In the short term, farmers are being forced to make business decisions based on a highly uncertain price outlook.
"I don't think we've ever seen (corn prices) fall this much," says Gary Schnitkey, an economist at the University of Illinois.
How extraordinary are current conditions? From 1975 to 2006, the cash price for a bushel of corn averaged $2.40, Schnitkey says. In the past four months, the price is down $4. Corn contracts for December delivery at the Chicago Board of Trade closed at $3.85 per bushel Wednesday, down from more than $7.80 in June. Wheat futures plunged from about $12 a bushel in March to $5.18. Soybean prices have slid to $8.59, from more than $16 in July.
The market turmoil has hit right around harvest, when supplies are most abundant and grain prices are at seasonal lows.
"Many farmers are going to have to sell crops now at these lower prices just for cash-flow reasons," says Art Bunting, a farmer in Dwight, Ill., and president of the Illinois Corn Growers Association. "It could have come at a little better time."
Hoping for a break
Schnitkey says it will cost corn farmers in central Illinois about $4.02 on average next year to produce a bushel of corn. Fertilizer, seed, energy and land prices have risen sharply, though lower oil and diesel prices could ease the pain a bit.

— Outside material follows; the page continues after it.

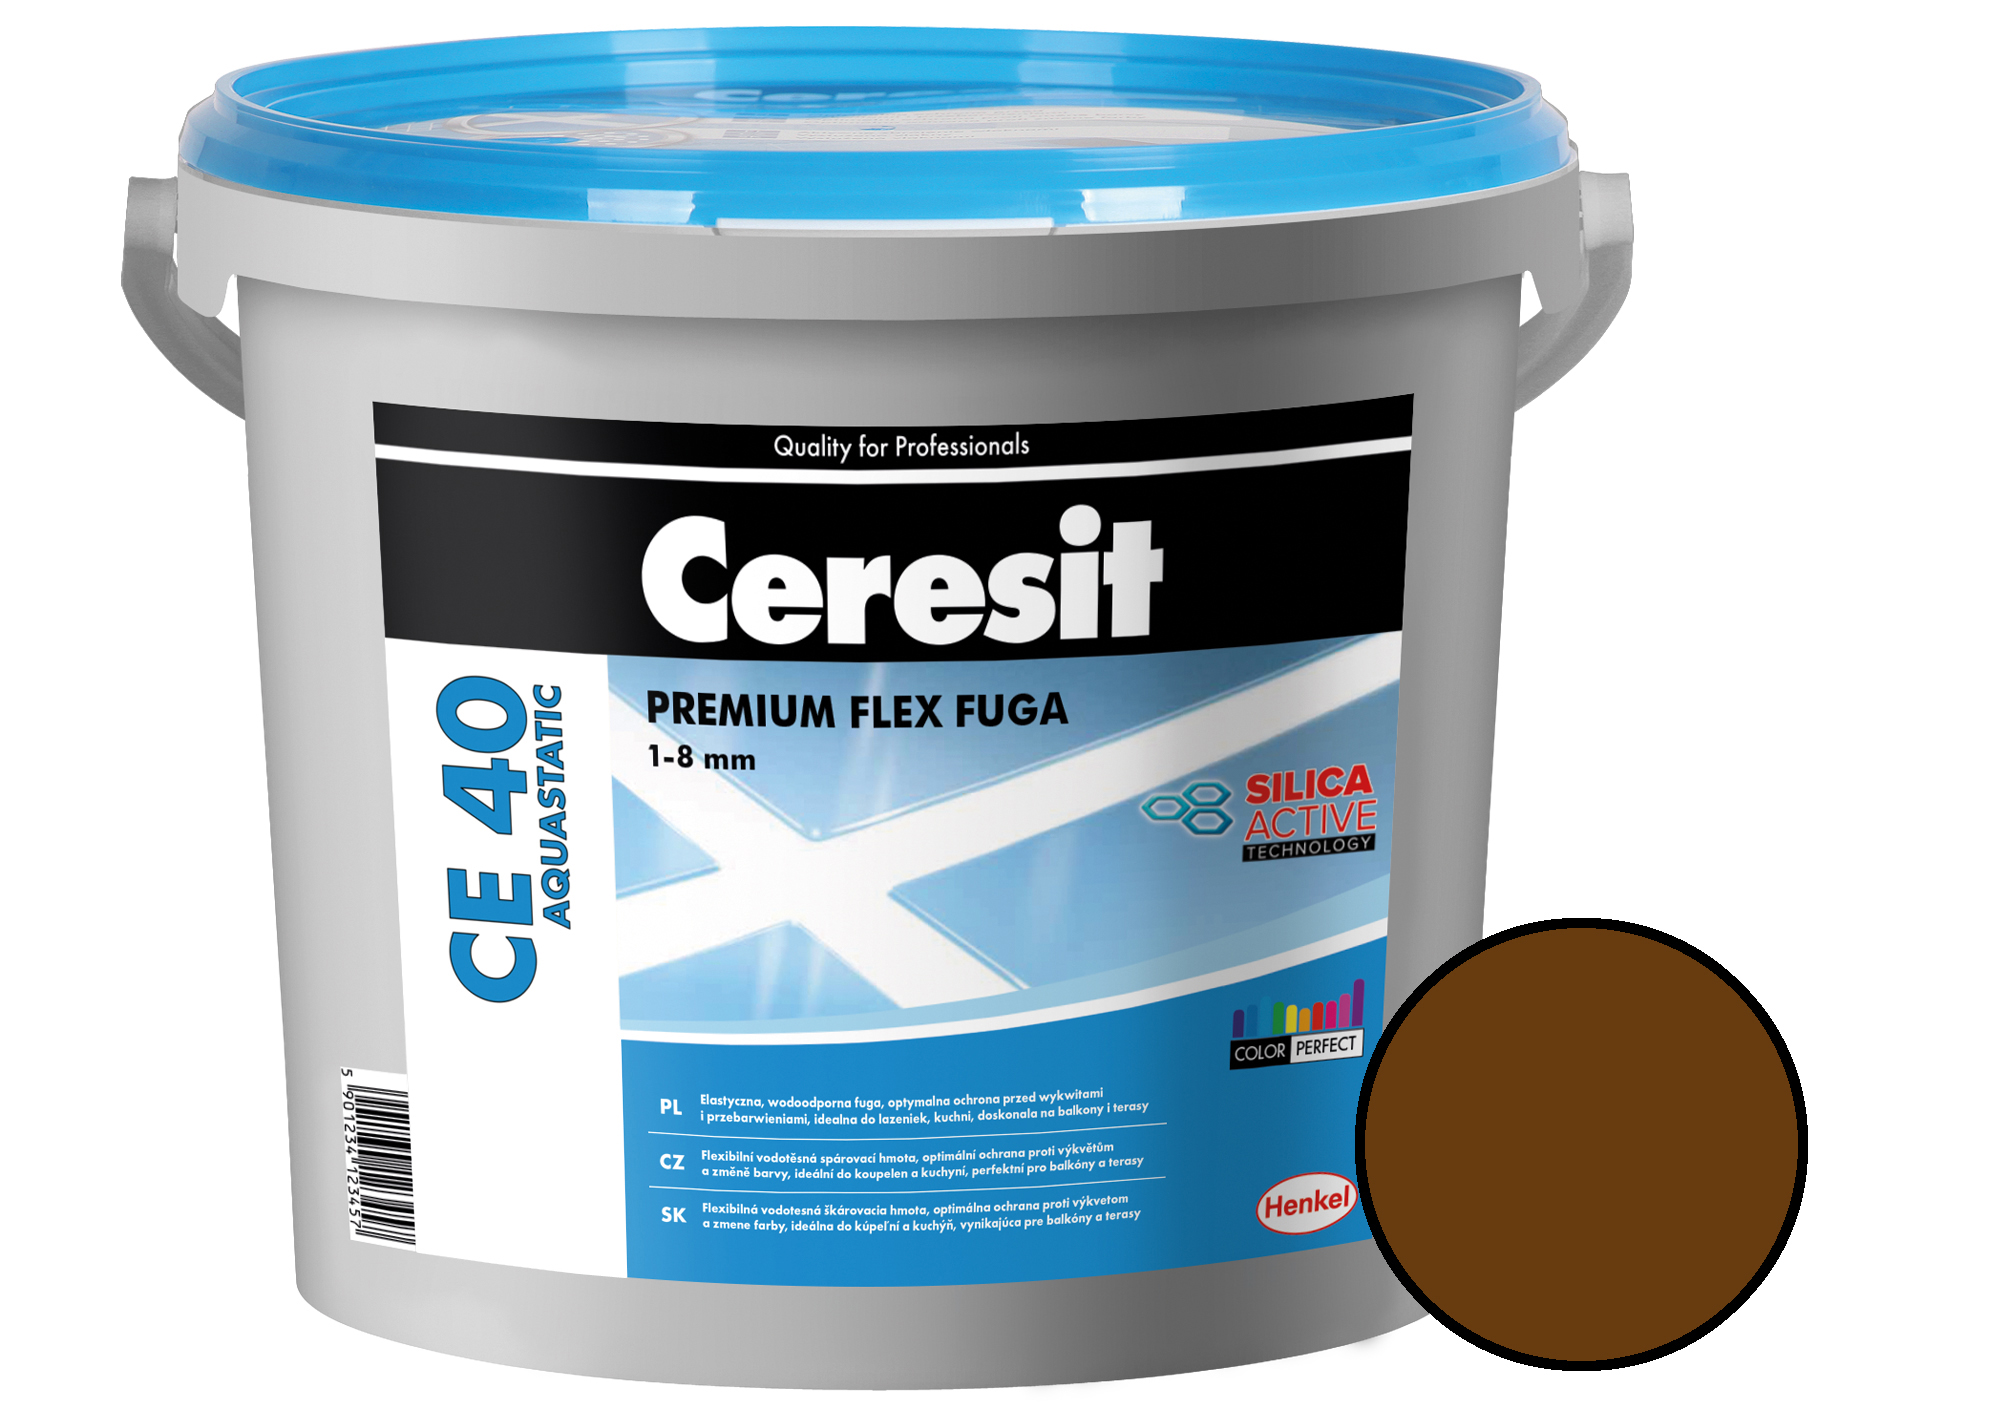 Hmota spárovací Ceresit CE 40 Aquastatic chocolate 2 kg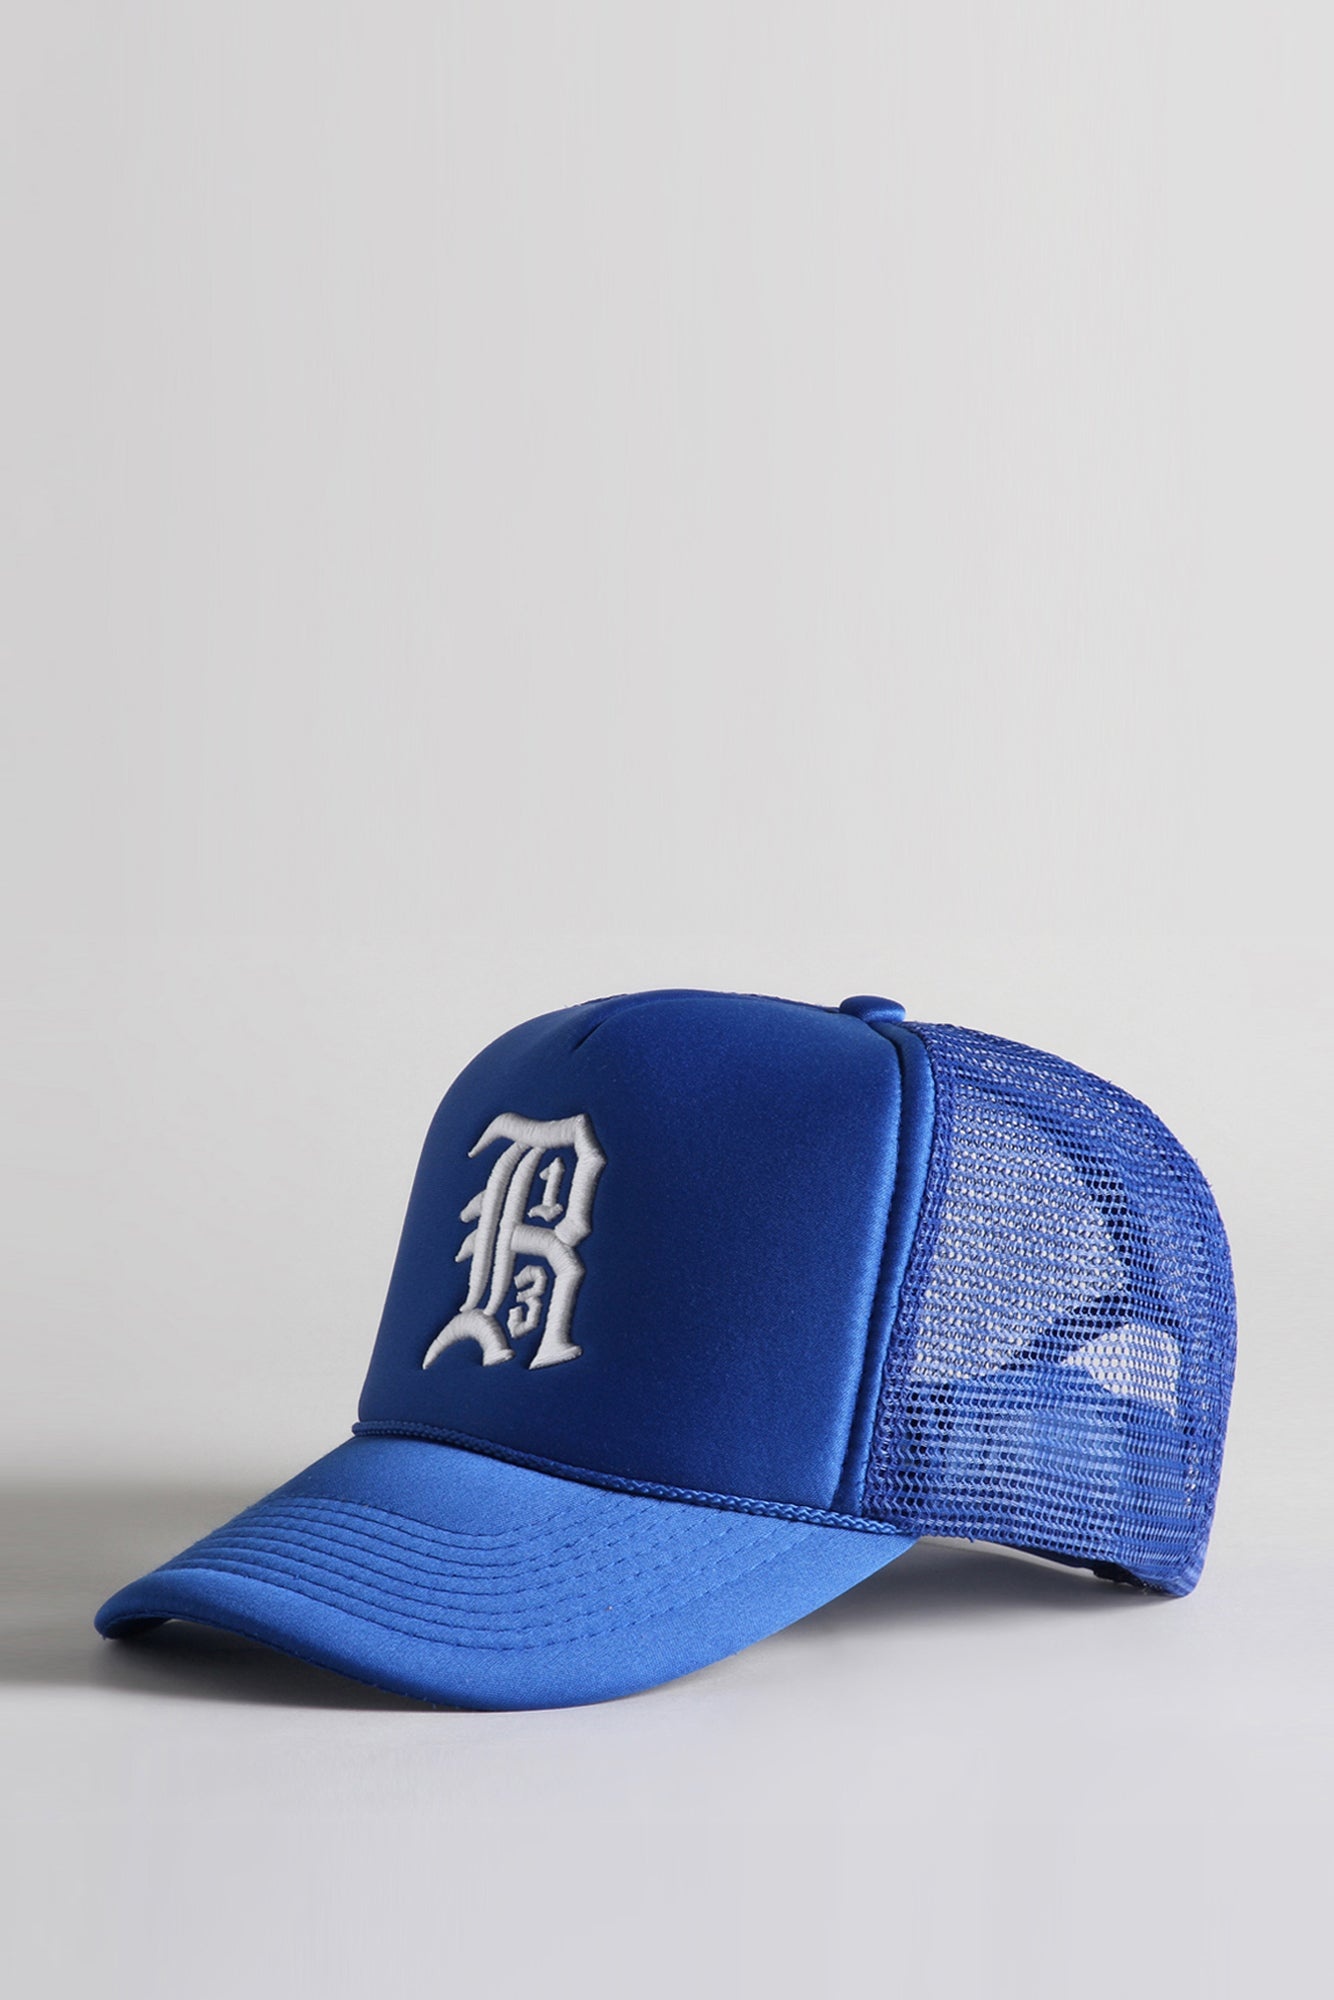 R13 Trucker Hat - Blue | R13 Denim Official Site - 1

David Kappelman, senior vice president of the Premier Community Bank in Marion, Wis., says farmers are holding off buying fertilizer for next year in hope that prices will come down. That may not happen, given that suppliers were forced to lock in inventories early. He expects the credit outlook to come into focus early next year as suppliers start pressing farmers for commitments.
"Agriculture is cyclical. We've had a pretty good run, and that run might be behind us," Kappelman says.
Recent, high prices helped farmers, but hurt consumers. That might not turn right away.
Bill Lapp, of Advanced Economic Solutions in Omaha, notes that wholesale food prices are up 8.1% on a year-over-year basis, while consumer prices in general have risen by 6.2%. Even though the slowing economy will make it harder for the food industry to pass on prices, Lapp expects prices to jump further before they level off.
National Turkey Federation President Joel Brandenberger says grain is 70% of the cost of bringing a bird to market. Many producers have already locked in contracts for pricier grain. While prices are falling they are still high, he says.
Lower sustained prices could help alleviate a food shortage in developing nations, so long as wealthy governments don't pare foreign assistance. Worsening economic conditions could make it tougher for farmers around the globe to sustain this year's increased output.
"The global financial crisis should not make us forget the food crisis," FAO Director-General Jacques Diouf said last week. "Agriculture needs urgent and sustained attention, too, to make hunger and rural poverty part of history."